Observe the victim mindset of Job in Job 30:9-19, Job at his worst, most desperate, fatalistic, and hopeless, just before he finally says “the words of Job are ended:”


      Now they come and laugh at me;

      I am nothing but a joke to them.

      They treat me with disgust;

            They think they are too good for me.

         Because God has made me weak and helpless,

        They turn against me with all their fury.

      This mob attacks me head-on;

       They send me running; they prepare their final assault.

       They cut off my escape and try to destroy me;

    And there is no one to stop them.

      They pour through the holes in my defenses

     and come crashing down on top of me;

I am overcome with terror;

   My dignity is gone like a puff of wind,

   And my prosperity like a cloud.

Now I am about to die;

   There is no relief for my suffering.

At night my bones all ache;

   The pain that gnaws me never stops.

           God seizes me by the collar and twists my clothes out of shape.

He throws me down in the mud;

I am no better than dirt.
                                                    (Good News Translation)

Now take this worldview and put it in the mind of a man made desperate by circumstances: an African village in famine, the Atlanta slums with no jobs and racial discord, the Arabian desert amidst tribal warfare, or (dare I say?) an Asian American college student plagued by mental illness and loose on the Virginia Tech campus in 2007 (my home town).  These circumstances are common to man throughout history.
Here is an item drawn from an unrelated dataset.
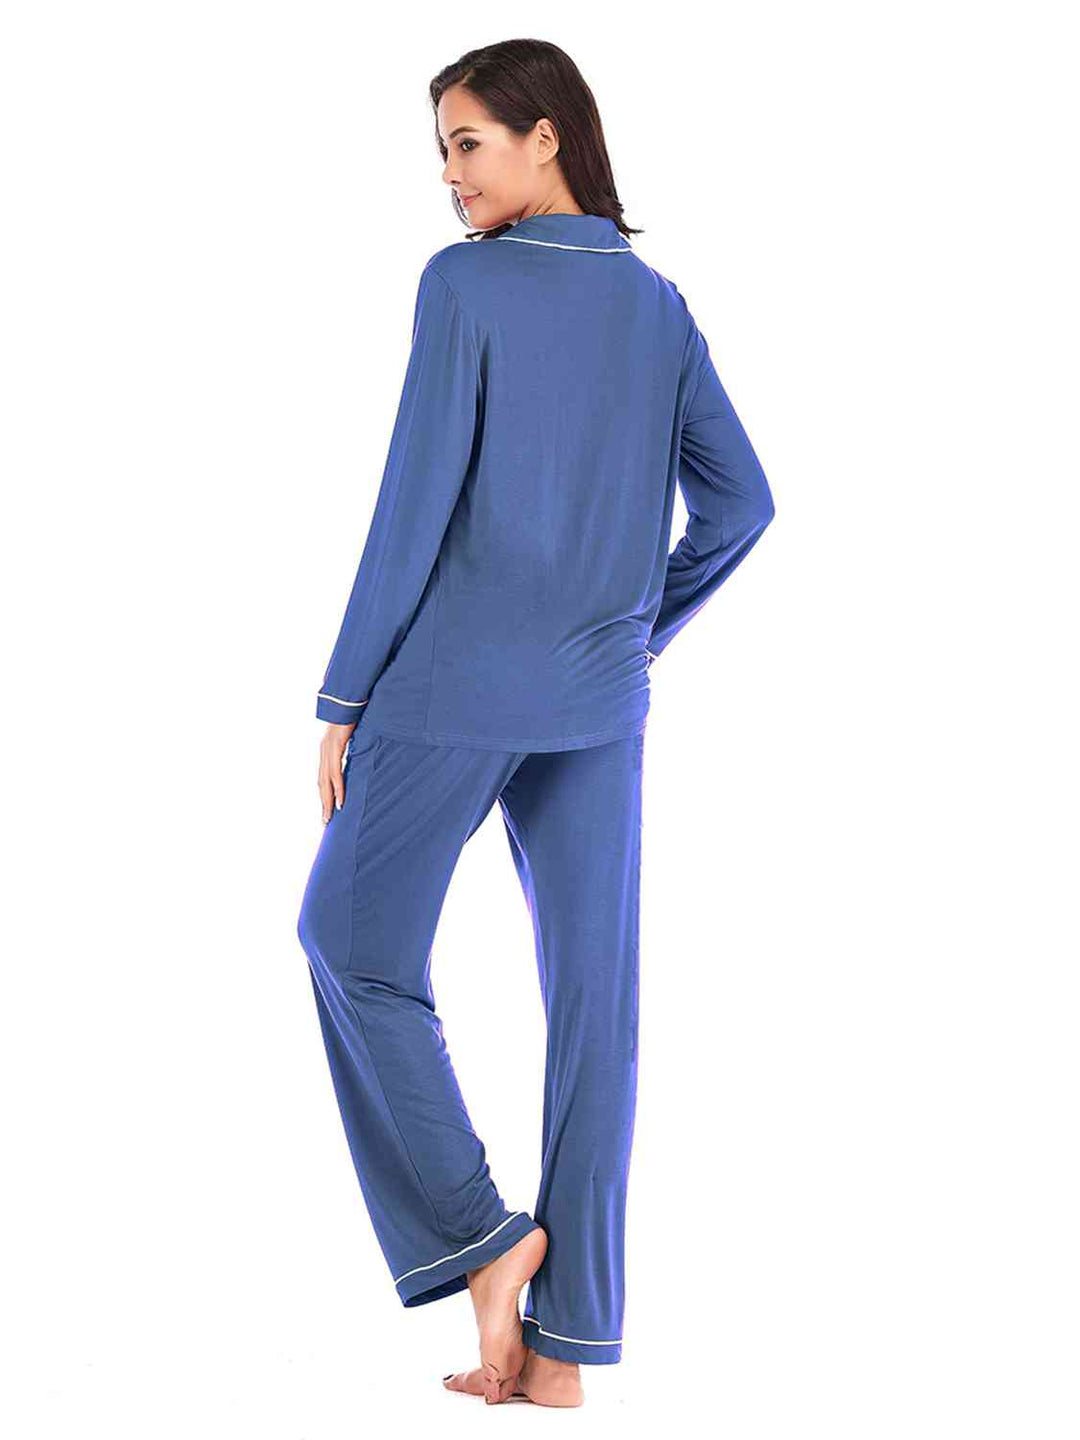 Collared Neck Long Sleeve Loungewear Set with Pockets - bertofonsi

This is a man (any and all of them) who sees life as out of control, random, unjust, and malevolent.   He is fearful, purposeless, and worst of all hopeless.  He does not see his life, or anyone else’s life, as valuable.
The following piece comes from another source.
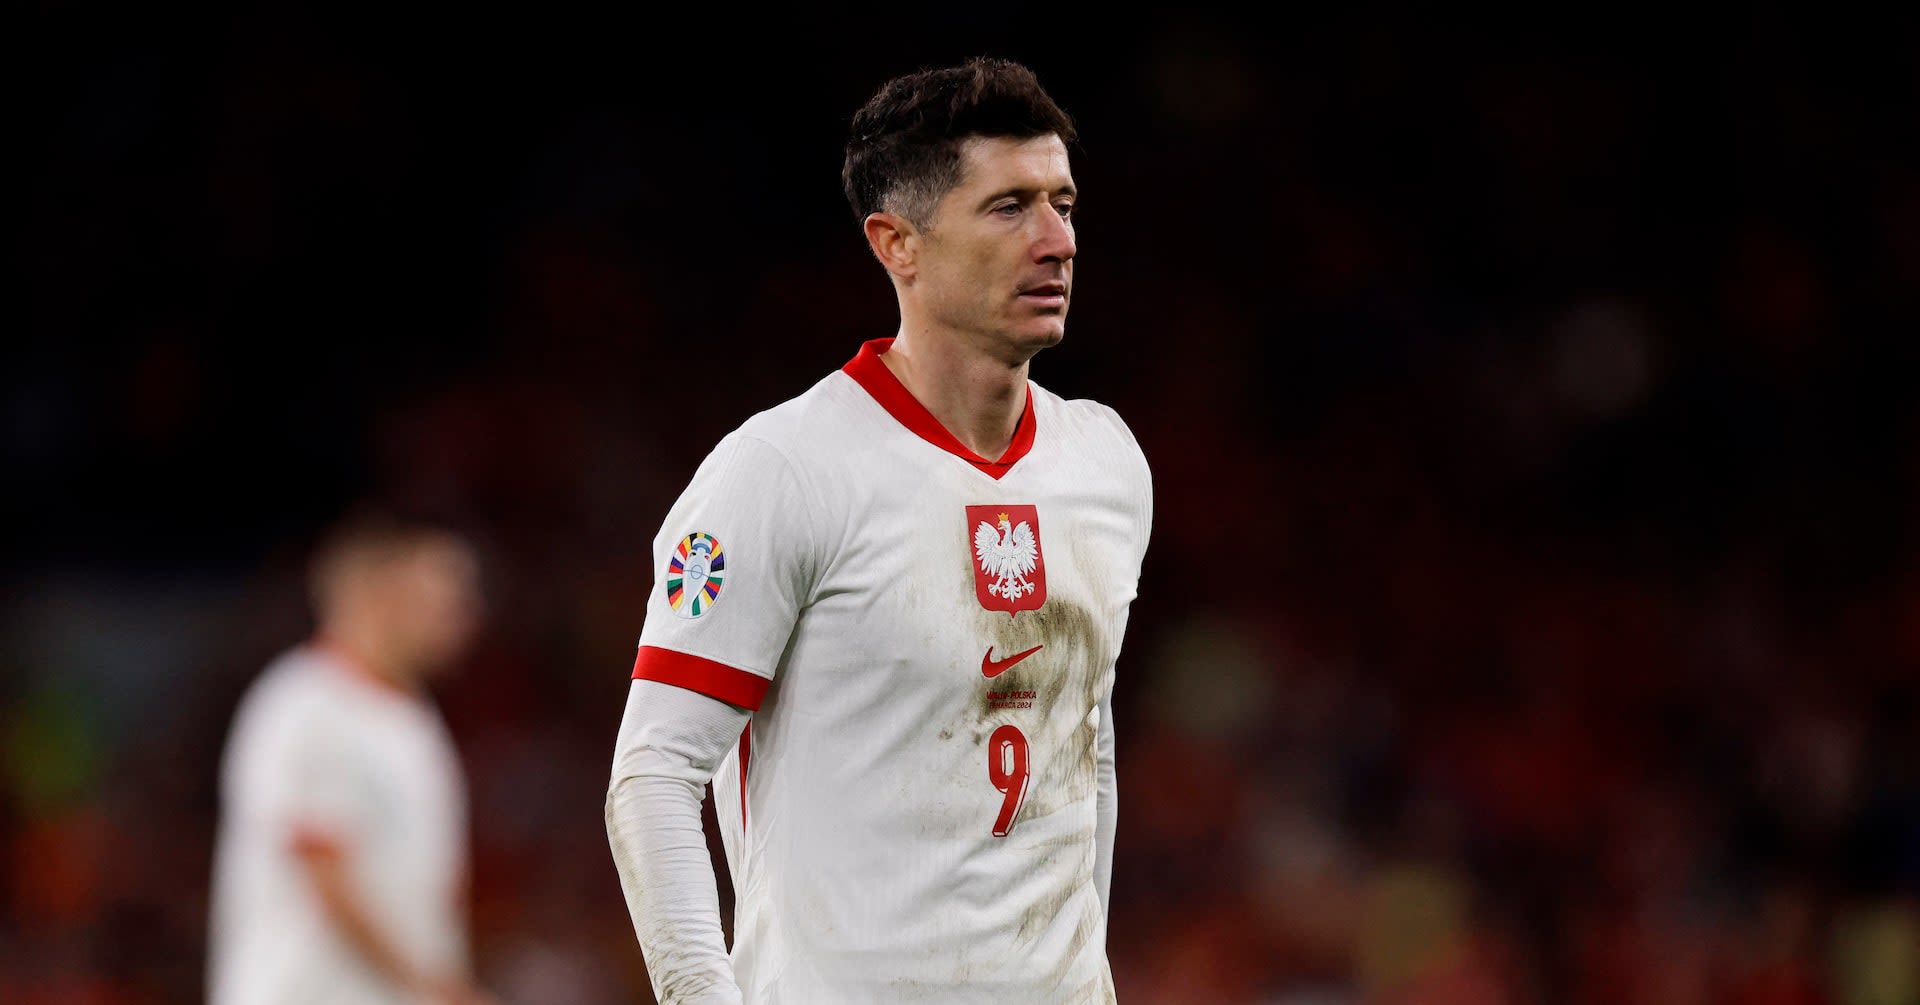 Poland can no longer count on captain Lewandowski for goals

Now put a gun in his hand.  No wonder he is dangerous!

He does not know:

            Help those who have less power than you.
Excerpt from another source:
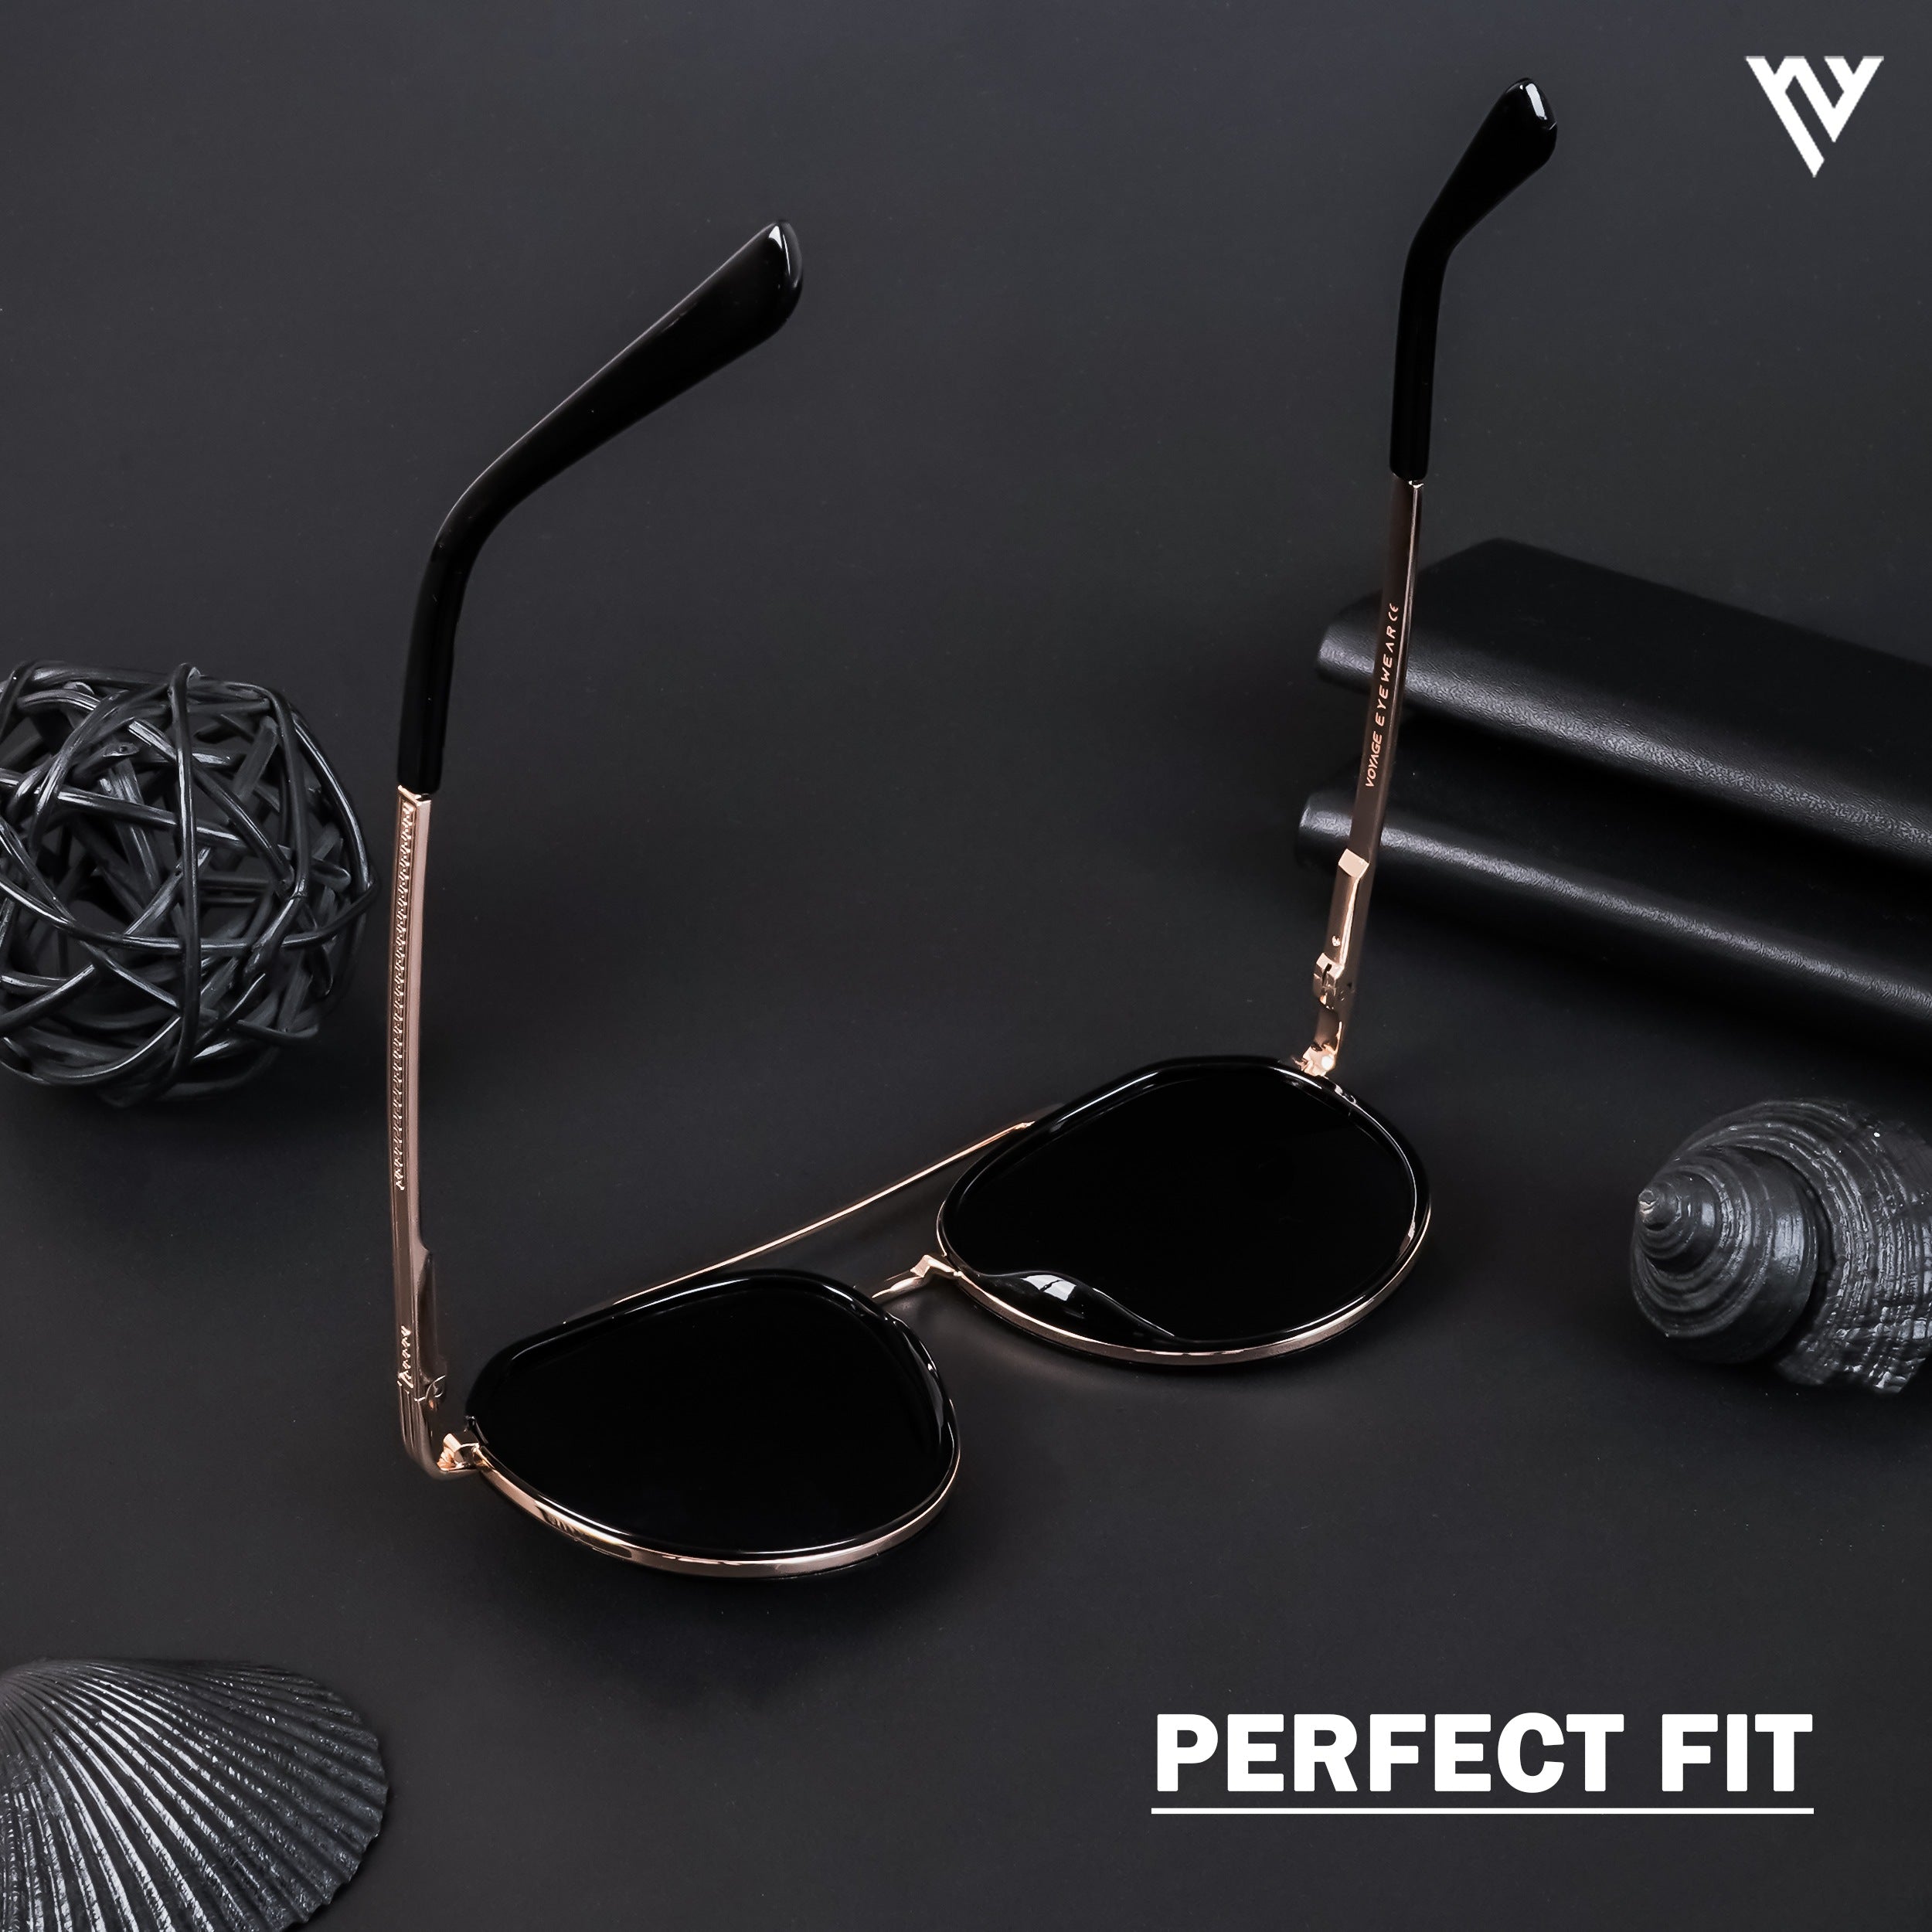 Voyage Exclusive Golden & Shine Black Polarized Round Sunglasses for Men & Women - PMG4311

            Do not be easily offended.

            Bear with one another in grace.

            Happy are the humble, merciful, pure in heart, persecuted, and peacemakers.

            Love thy neighbor.

            Love thy enemy!

He is dangerous because of how and what he thinks.

The gun is really just a bit of technology that magnifies the problem terribly.  It is not the root of the problem.  It is just a technological tool.

The difficulty for us in the West comes in because we, like Captain Picard, have a vast array of wondrous technological tools.  They must be wielded very, very carefully.  Medicine, wireless communications, sophisticated digital banking, etc.  If we put any of these tools into the hands of a person or people divorced from the Worldview that birthed (and constrains) the tool, we build a ticking time bomb.

You think the above (obviously good) technologies can’t be dangerous?  (Yes, I mean “good technologies.”  The idea that technology is morally neutral is a myth that only an American could believe.)  Then, what is the difference between guns in the hand of a tribal warlord, medicine in the hands of the Nazi doctors, an iPhone in the hands of a gang leader in prison, or high-tech finance in the hands of one of Ayn Rand’s more hardnosed characters?

And how does the desperate and fatalistic man see a gun or other bit of technology?  Accurately.  As power.  Power over the natural world.  Power over his neighbors.  Power to be grabbed.  He actually sees technology in much the same way that the animistic pagan in an African village sees witchcraft: as the power of the shaman to put a hex on any neighbor he is paid enough to curse.  If you believe like the desperate fatalist, then both a magic spell and an AK-47 are ill and ugly power tools.

The answer to the problem is not to limit access to technology.  That was the Star Trek answer, because the writers and producers dared not consider or publicize the true and scandalous answer.

The answer is to change how people think—cultural imperialism.  I think you know I don’t mean exporting Western culture.

Here we are, back at the Beatitudes again.  Talk about changing how people think.  Jesus turns the whole world on its head.

Beware the technological solution for a moral problem.